Function inside a function, access previous environment-CodePudding

I am trying to access a data frame created within a function and use its environment to access some data. I know the ideal is to call it as an input in the function, but I am trying to avoid it, so I don't have to list hundreds of inputs. Any help or resources are appreciated.

An example is below:

library(dplyr)

data_v1 <- tribble(~var1, ~var2,
                    1, 2)

postprocess_data <- function(){
  
  data_v3 <- data_v2 %>% 
    mutate(var2 = var2*3)
  
  data_v3
}


process_data <- function(){
  
  data_v2 <- data_v1 %>% 
    mutate(var1 = var1*3)
  
  data_v3_inside <- postprocess_data()
  
  data_v3_inside
    
}

process_data()

CodePudding user response：

We can get the object from the parent.frame

postprocess_data <- function(){
  
  data_v2 <- get("data_v2", envir = parent.frame())
  data_v3 <- data_v2 %>% 
    mutate(var2 = var2*3)
  
  data_v3
}


process_data <- function(){
  
  data_v2 <- data_v1 %>% 
    mutate(var1 = var1*3)
  
  data_v3_inside <- postprocess_data()
  
  data_v3_inside
    
}

-testing

process_data()
# A tibble: 1 × 2
   var1  var2
  <dbl> <dbl>
1     3     6

CodePudding user response：

Your title describes the right way to do this.

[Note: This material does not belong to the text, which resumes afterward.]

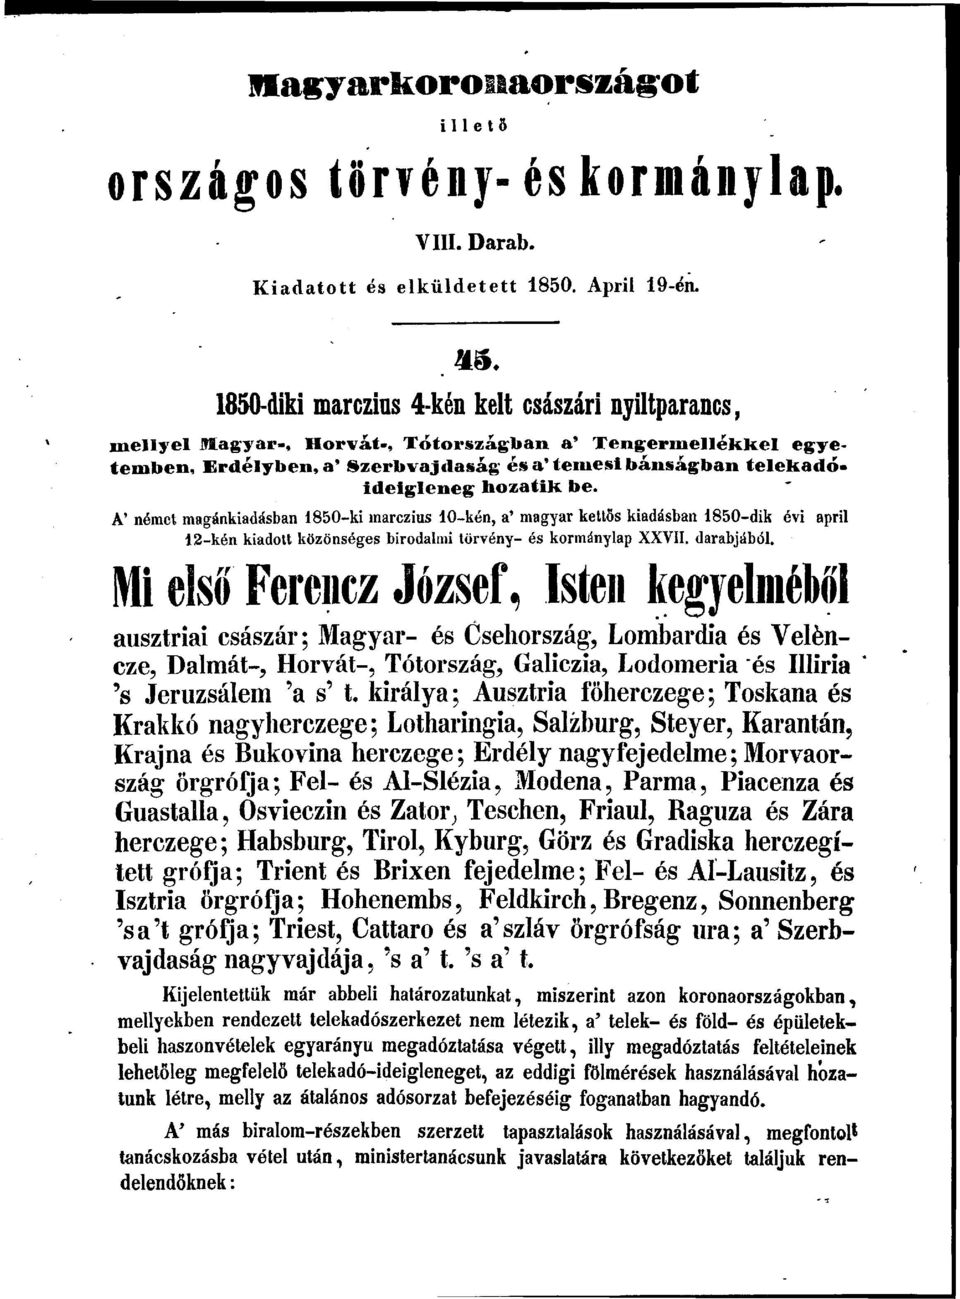 hozatik be. A' német magánkiadásban 1850-ki marczius 10-kén, a' magyar kettős kiadásban 1850-dik évi april 12-kén kiadott közönséges birodalmi törvény- és kormánylap XXVII. darabjából.
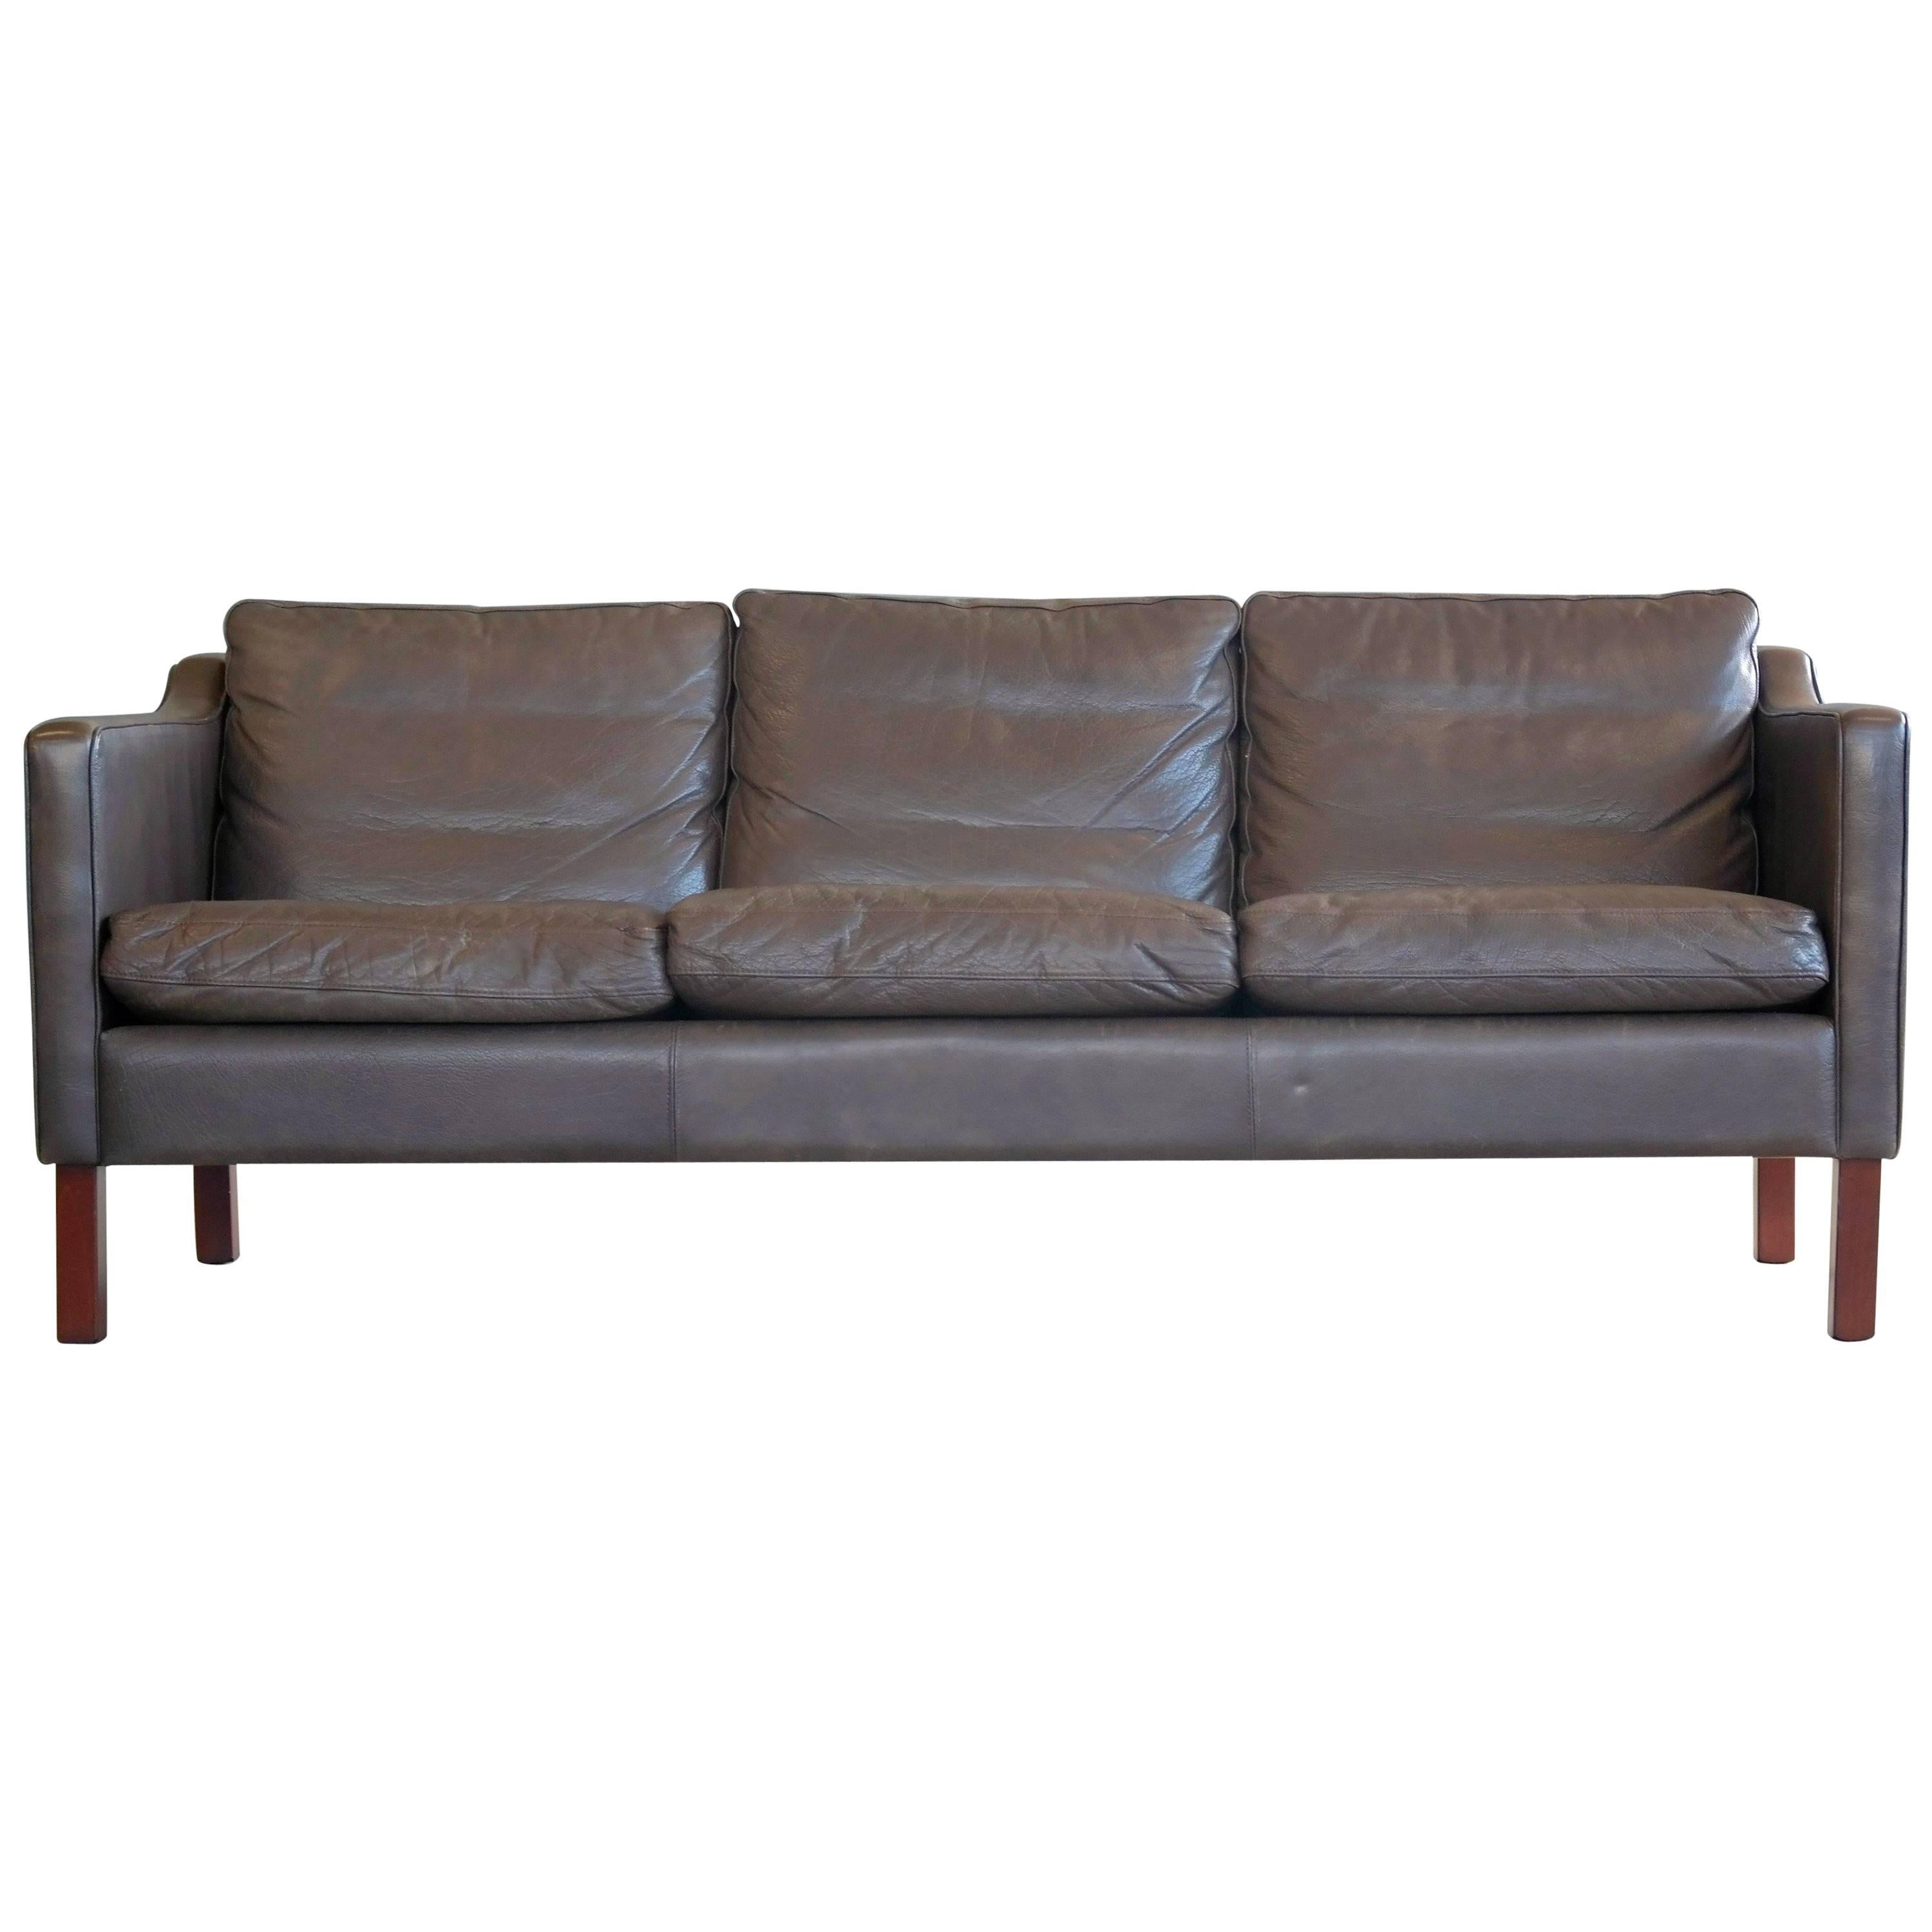 Børge Mogensen Style Sofa in Dark Espresso Down Filled Leather by Mogens Hansen

Since process_data only needs to access data_v1, it's fine as it is (though it would be better style if data_v1 was an argument).

But postprocess_data needs access to data_v2, a local variable in process_data. So the ideal design is to define postprocess_data inside process_data. Then it will be able to see all of the variables that are local to process_data, as well as all global variables. For example,

library(dplyr)

data_v1 <- tribble(~var1, ~var2,
                    1, 2)


process_data <- function(){

  postprocess_data <- function(){
  
    data_v3 <- data_v2 %>% 
      mutate(var2 = var2*3)
  
    data_v3
  }


  data_v2 <- data_v1 %>% 
    mutate(var1 = var1*3)
  
  data_v3_inside <- postprocess_data()
  
  data_v3_inside
    
}

process_data()
#> # A tibble: 1 × 2
#>    var1  var2
#>   <dbl> <dbl>
#> 1     3     6

^{Created on 2022-03-23 by the reprex package (v2.0.1)}

Edited to add: There's one slightly risky thing in the way I wrote the code here.

If you ever modified process_data() so that it called postprocess_data() before creating data_v2, then the nested function would not find it in the enclosing environment, and would keep looking for it in the global environment. If it happened to find a copy there you might end up with a subtle bug that caused you trouble.

So a good idea is to create any variable used by the nested function very early, e.g. setting data_v2 <- NULL before the definition of postprocess_data. The NULL value should trigger an error if you haven't replaced it at the time you call the nested function.

CodePudding user response：

1) Assuming that you have control over and can modify process_data insert this as the first line of the body. That will make a copy of postprocess_data except its environment will be the frame within the running process_data so that any free variables in postprocess_data will be looked up there.

environment(postprocess_data) <- environment()

2) If you don't have control over process_data and cannot change it but do have control over postprocess_data replace it with this.

  postprocess_data <- function(envir = parent.frame()) with(envir, {       
    data_v3 <- data_v2 %>% 
      mutate(var2 = var2*3)
  
    data_v3
  })

2a) or with this which makes it act sort of like a macro.

  postprocess_data <- function(envir = parent.frame()) eval(substitute({
  
    data_v3 <- data_v2 %>% 
      mutate(var2 = var2*3)
  
    data_v3
  }), envir = envir)